Simply speaking, data_encoding
has a series of primitives for encoding/decoding scalar
data types and combinators for non-scalar data types, combinators work by
combining primitives together with functions and letting users compose smaller
encodings into bigger ones.
Having axioms and lemmas for primitives and combinators enable us to verify the encodings, but in practice, these proofs can be very mechanical.
For example here is a proof involving data_encoding.
Lemma fixed_encoding_is_valid
: Data_encoding.Valid.t (fun _ => True) Constants_repr.fixed_encoding.

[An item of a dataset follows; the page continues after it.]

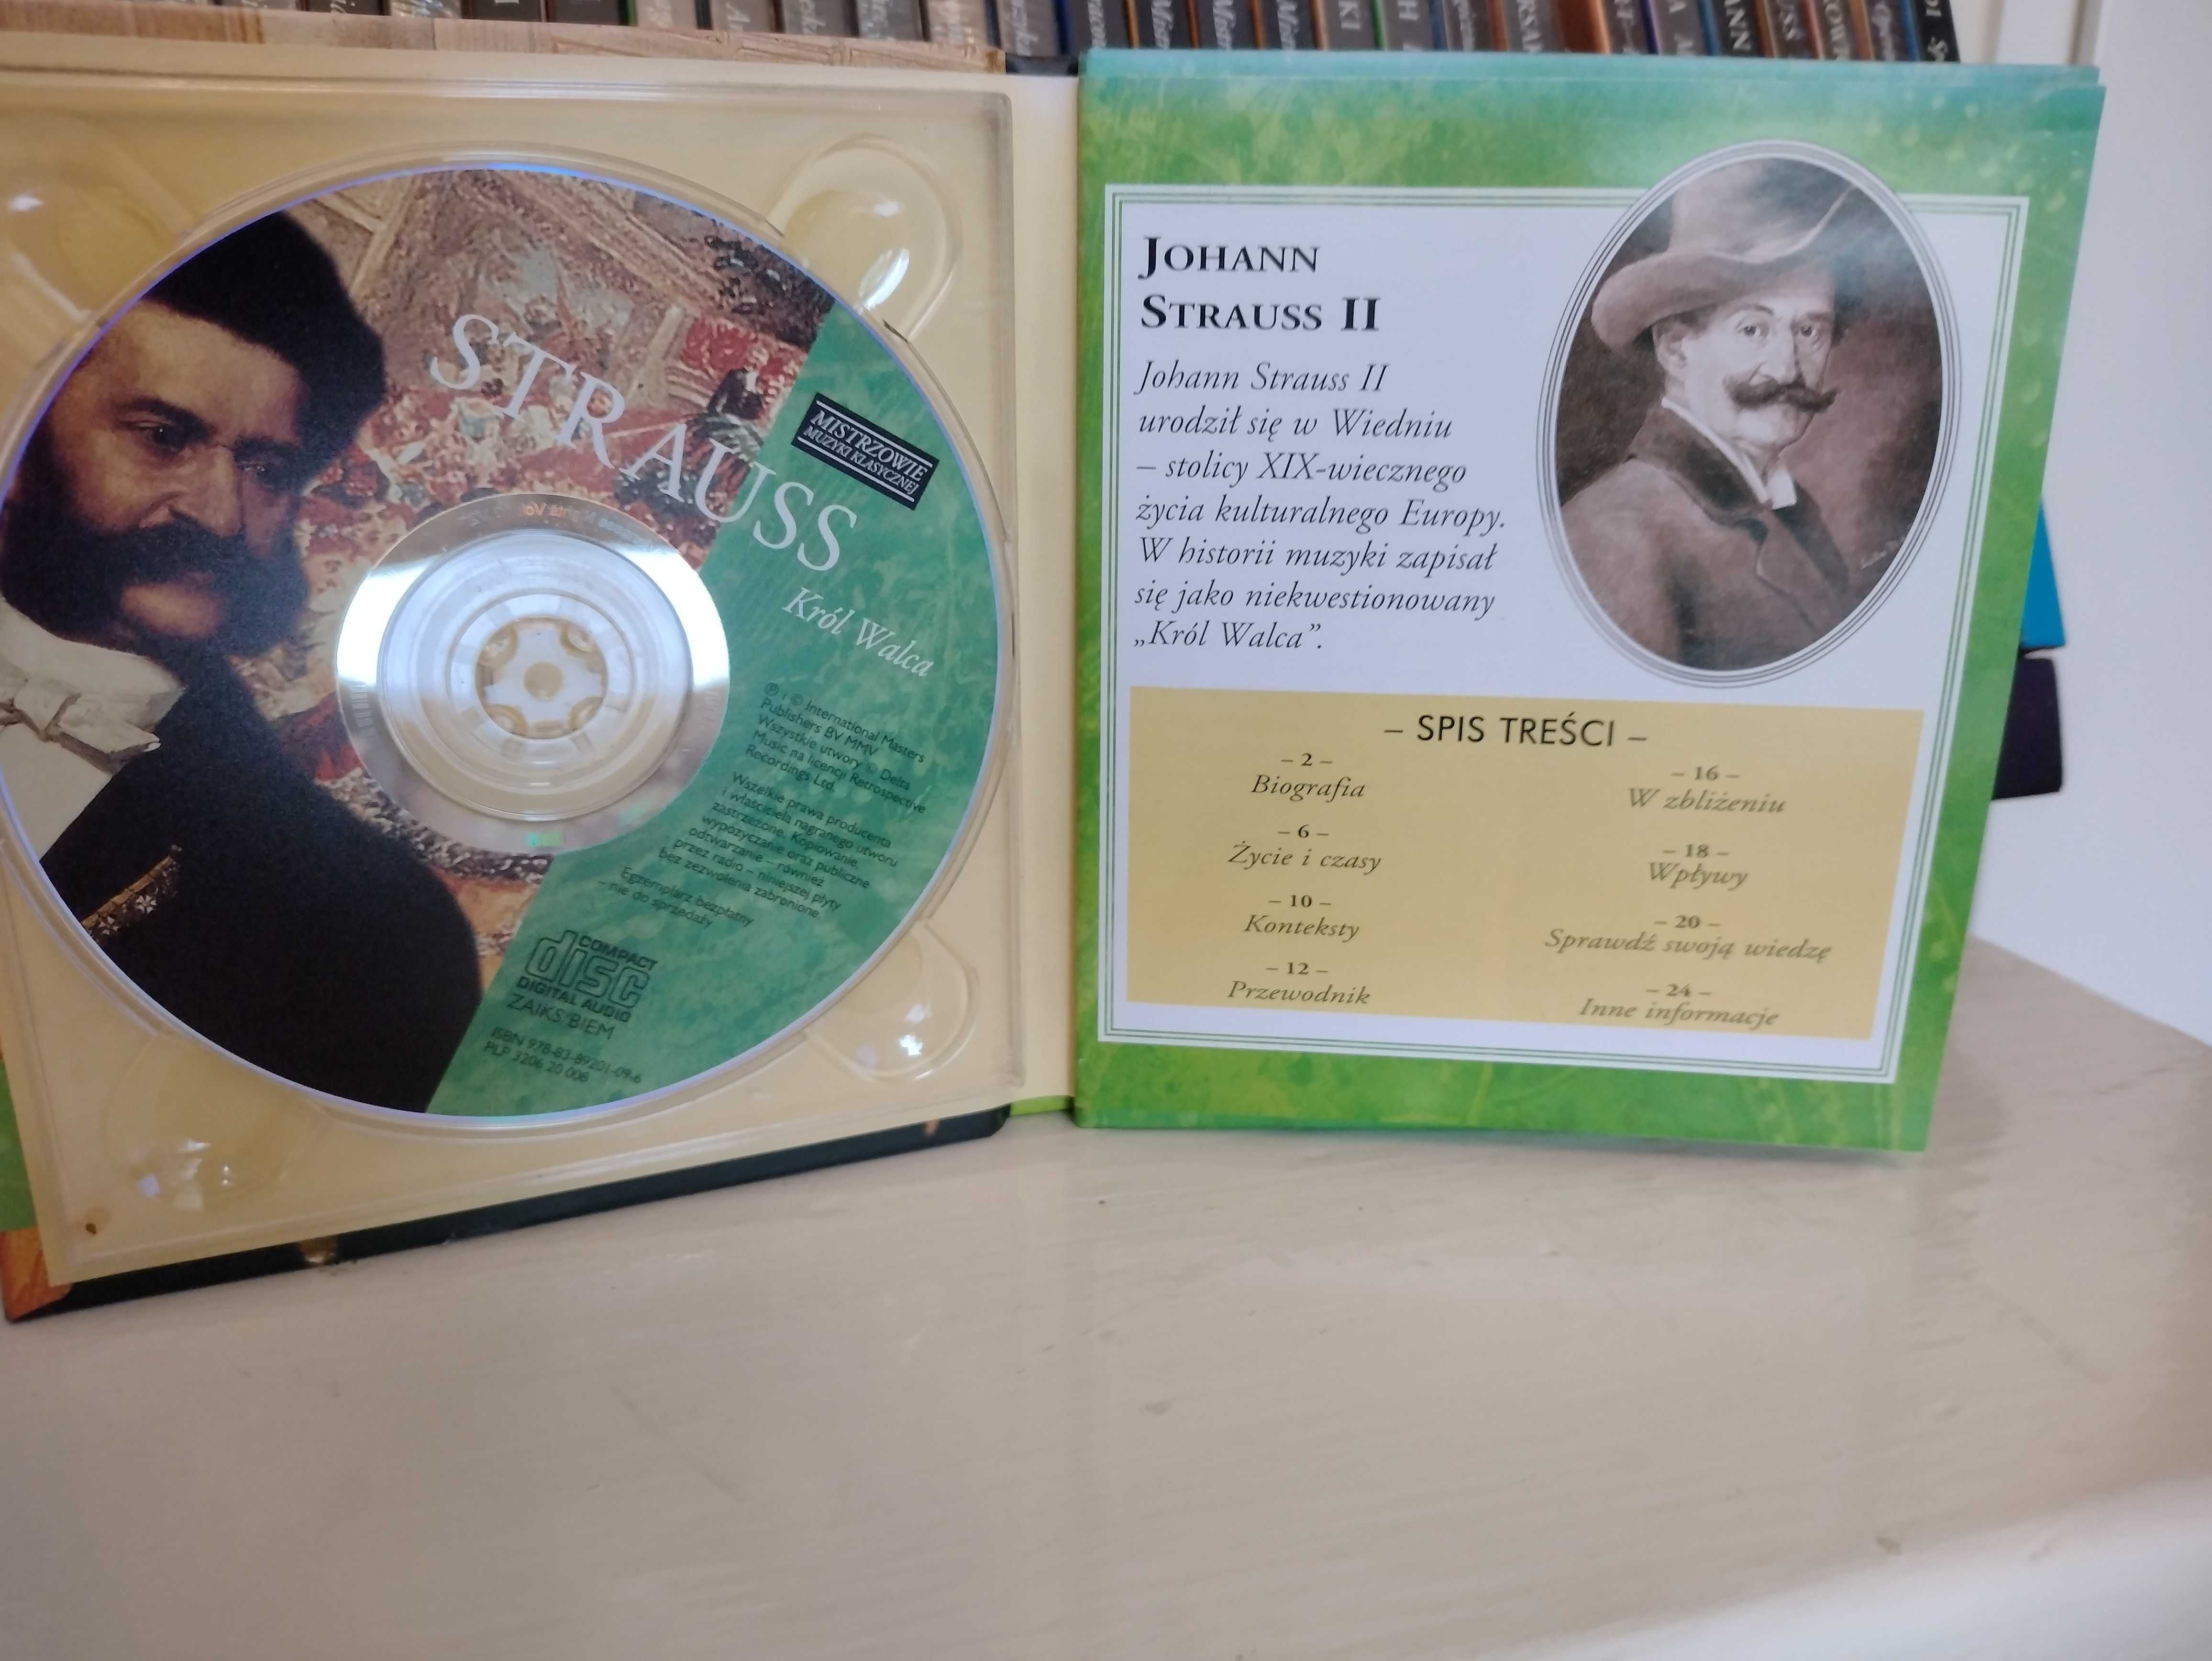 kolekcja płyt CD z muzyką klasyczną "MISTRZOWIE MUZYKI KLASYCZNEJ"

eapply Data_encoding.Valid.implies.
eapply
Data_encoding.Valid.conv,
Data_encoding.Valid.obj10;
constructor;
try first [
apply Data_encoding.Valid.uint8 |
apply Data_encoding.Valid.uint16 |
apply Data_encoding.Valid.int31
];
eapply Data_encoding.Valid.list_value;
eapply Data_encoding.Valid.conv_with_guard;
apply Data_encoding.Valid.int64_value.
intro x; destruct x; intuition.
repeat constructor.
Qed.
All these Data_encoding.Valid.*
lines can now be replaced by a simple call of
data_encoding_auto
. This tactic will try to apply each of the combinator axioms
from Data_encoding.Valid
and then use the Data_encoding_db
hint database to
solve the remaining subgoals regarding data_encoding
primitives. If the proof
cannot be fully solved it will remain subgoals that are specific for each encoding.
Now here is the same proof but with data_encoding_auto
.
Lemma fixed_encoding_is_valid
: Data_encoding.Valid.t (fun _ => True) Constants_repr.fixed_encoding.
Data_encoding.Valid.data_encoding_auto.
intro x; destruct x; intuition.
repeat constructor.
Qed.
Some data_encoding
combinators involve arbitrary functions; these are case
for encoding variants of sum types, and conv
for providing a conversion
between encodings. Because of this it is not always possible to fully automate the
encoding proofs, but we can leave all the mechanical work for the machine so we
can focus on things that are specific for each encoding.
As we write more encoding proofs we can increment the hints database. Since encodings have a nesting nature, we can use these hints to prove bigger encodings making it easier to write encoding proofs and avoiding repetitive proofs.